# What you will do
Among the entries below, one line contains "Labocan White Label CBD with Melatonin" and another contains "1 Bedroom Apartment". Transcribe those two lines and every line between them, exactly.

(Data for the task begins)

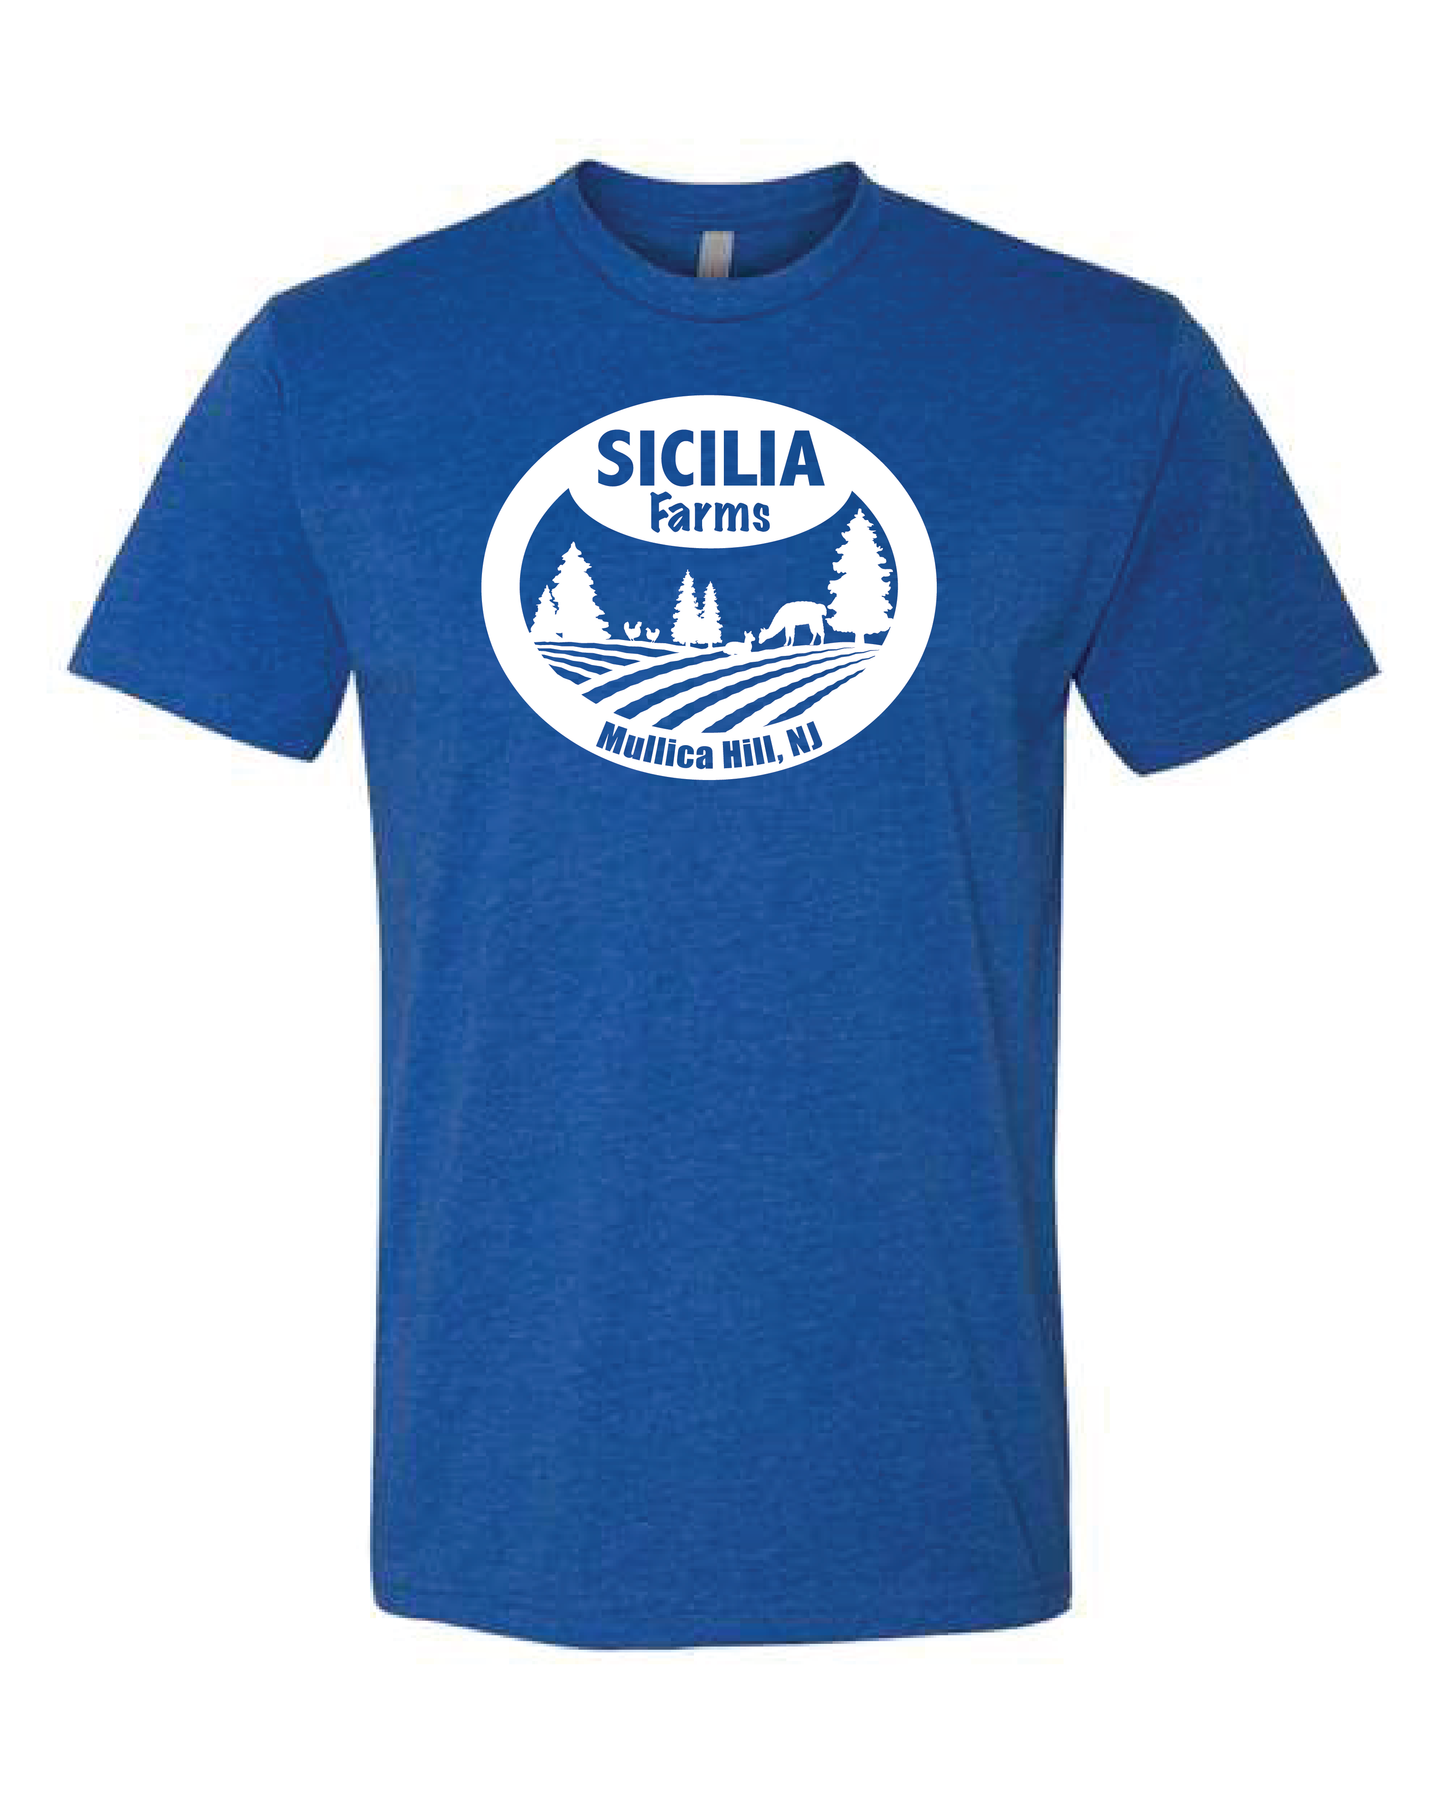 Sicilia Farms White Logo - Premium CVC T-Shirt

(Data for the task ends)
(Data for the task begins)

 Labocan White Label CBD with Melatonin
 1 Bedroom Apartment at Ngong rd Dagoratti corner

(Data for the task ends)

# Solution to this exercise
 Labocan White Label CBD with Melatonin
 1 Bedroom Apartment at Ngong rd Dagoratti corner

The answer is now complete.